Metabolic profiling of isolated mitochondria and cytoplasm reveals compartment-specific metabolic responses.

作者信息

Pan Daqiang, Lindau Caroline, Lagies Simon, Wiedemann Nils, Kammerer Bernd

机构信息

Center for Biological Systems Analysis, ZBSA, Albert-Ludwigs-University Freiburg, Habsburgerstraße 49, 79104, Freiburg, Germany.

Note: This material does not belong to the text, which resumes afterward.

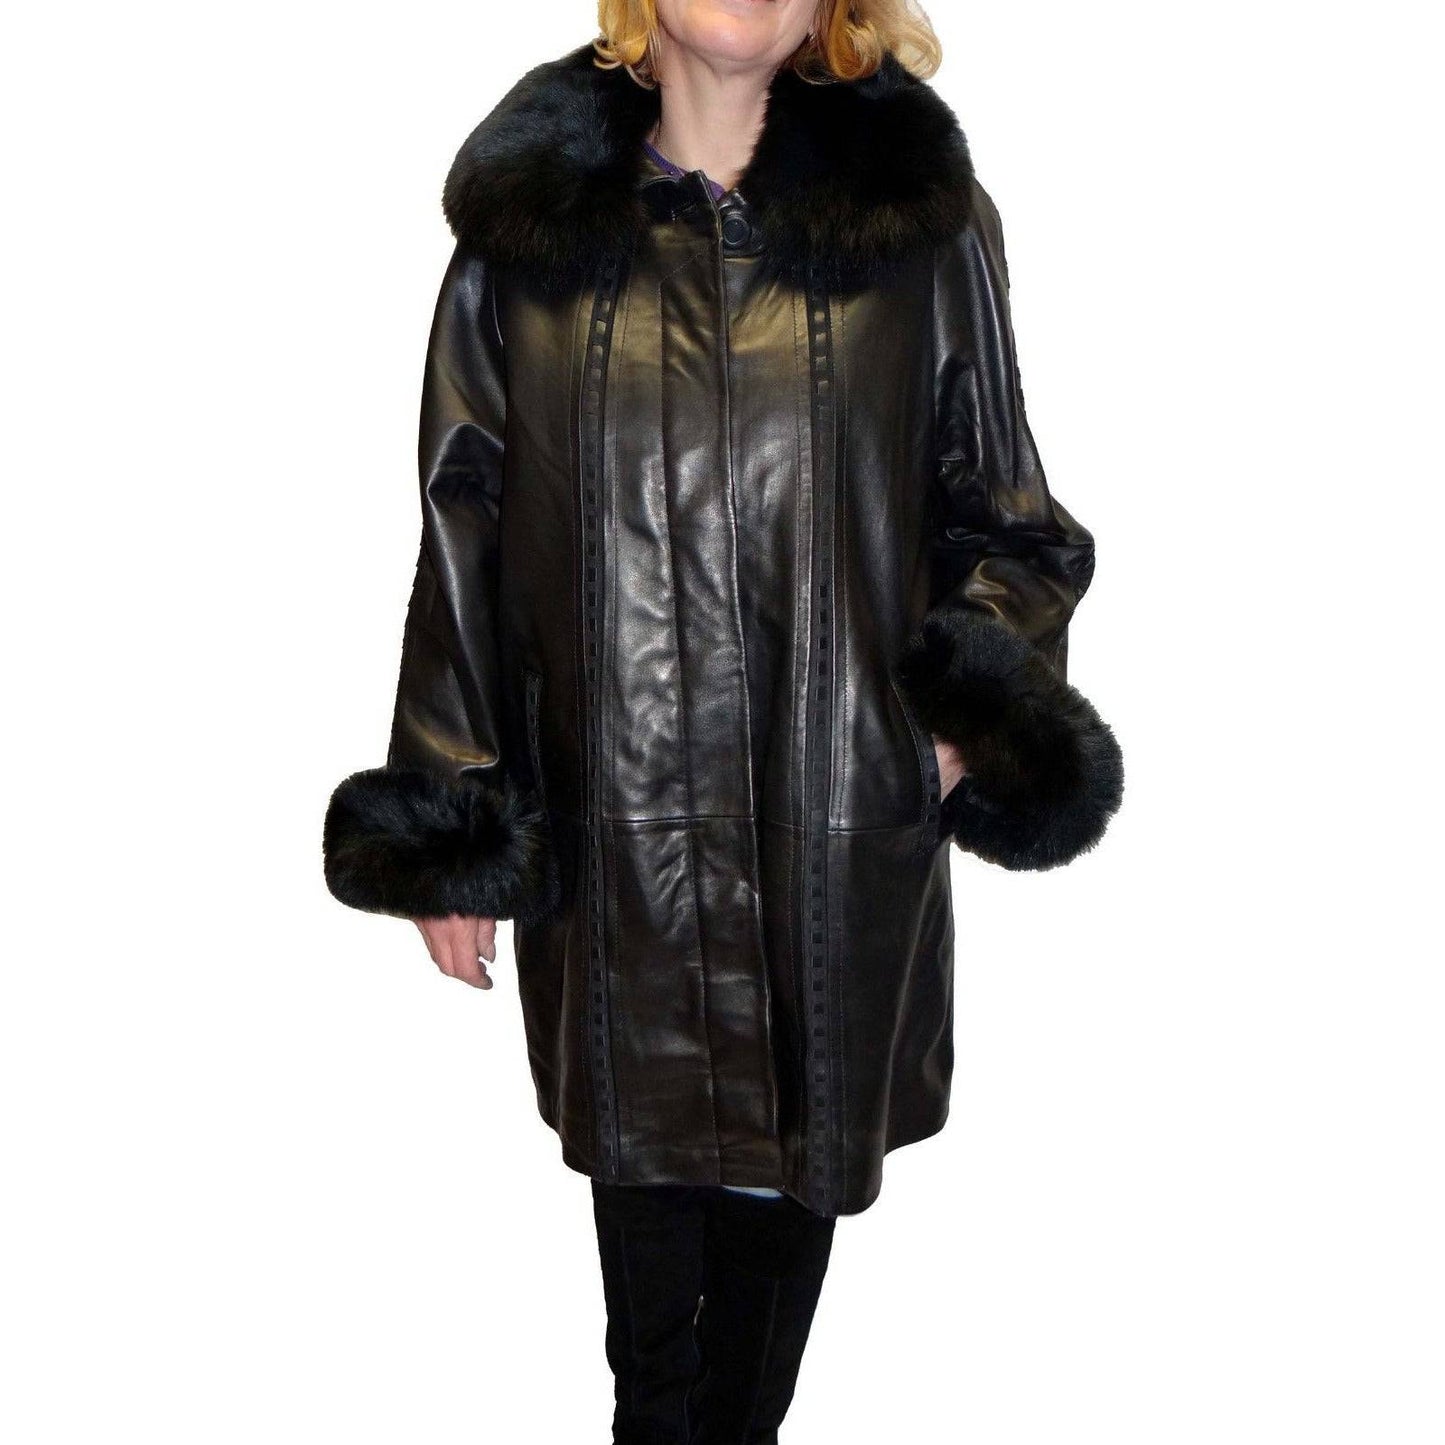 Knoles & Carter Women's Plus Size Leather Coat with Fox Fur Collar

Institute of Pharmaceutical Sciences, Albert-Ludwigs-University Freiburg, 79104, Freiburg, Germany.

出版信息

Metabolomics. 2018;14(5):59. doi: 10.1007/s11306-018-1352-x. Epub 2018 Mar 31.

Abstract

INTRODUCTION

Subcellular compartmentalization enables eukaryotic cells to carry out different reactions at the same time, resulting in different metabolite pools in the subcellular compartments. Thus, mutations affecting the mitochondrial energy metabolism could cause different metabolic alterations in mitochondria compared to the cytoplasm. Given that the metabolite pool in the cytosol is larger than that of other subcellular compartments, metabolic profiling of total cells could miss these compartment-specific metabolic alterations.

OBJECTIVES

To reveal compartment-specific metabolic differences, mitochondria and the cytoplasmic fraction of baker's yeast were isolated and subjected to metabolic profiling.

METHODS

Mitochondria were isolated through differential centrifugation and were analyzed together with the remaining cytoplasm by gas chromatography-mass spectrometry (GC-MS) based metabolic profiling.

RESULTS

Seventy-two metabolites were identified, of which eight were found exclusively in mitochondria and sixteen exclusively in the cytoplasm. Based on the metabolic signature of mitochondria and of the cytoplasm, mutants of the succinate dehydrogenase (respiratory chain complex II) and of the FF-ATP-synthase (complex V) can be discriminated in both compartments by principal component analysis from wild-type and each other. These mitochondrial oxidative phosphorylation machinery mutants altered not only citric acid cycle related metabolites but also amino acids, fatty acids, purine and pyrimidine intermediates and others.

CONCLUSION

By applying metabolomics to isolated mitochondria and the corresponding cytoplasm, compartment-specific metabolic signatures can be identified. This subcellular metabolomics analysis is a powerful tool to study the molecular mechanism of compartment-specific metabolic homeostasis in response to mutations affecting the mitochondrial metabolism.

摘要

引言

亚细胞区室化使真核细胞能够同时进行不同的反应,导致亚细胞区室中存在不同的代谢物池。因此,与细胞质相比,影响线粒体能量代谢的突变可能会导致线粒体中不同的代谢改变。鉴于细胞质中的代谢物池比其他亚细胞区室的代谢物池大,全细胞的代谢谱分析可能会遗漏这些区室特异性的代谢改变。

目的

为了揭示区室特异性的代谢差异,分离了面包酵母的线粒体和细胞质部分,并对其进行代谢谱分析。

方法

通过差速离心分离线粒体,并与剩余的细胞质一起通过基于气相色谱-质谱(GC-MS)的代谢谱分析进行分析。

结果

共鉴定出72种代谢物,其中8种仅在线粒体中发现,16种仅在细胞质中发现。基于线粒体和细胞质的代谢特征,通过主成分分析,可以将琥珀酸脱氢酶(呼吸链复合物II)和FF-ATP合酶(复合物V)的突变体与野生型以及彼此区分开来。这些线粒体氧化磷酸化机制突变体不仅改变了柠檬酸循环相关的代谢物,还改变了氨基酸、脂肪酸、嘌呤和嘧啶中间体等。

结论

通过将代谢组学应用于分离的线粒体和相应的细胞质,可以鉴定区室特异性的代谢特征。这种亚细胞代谢组学分析是研究影响线粒体代谢的突变响应中区室特异性代谢稳态分子机制的有力工具。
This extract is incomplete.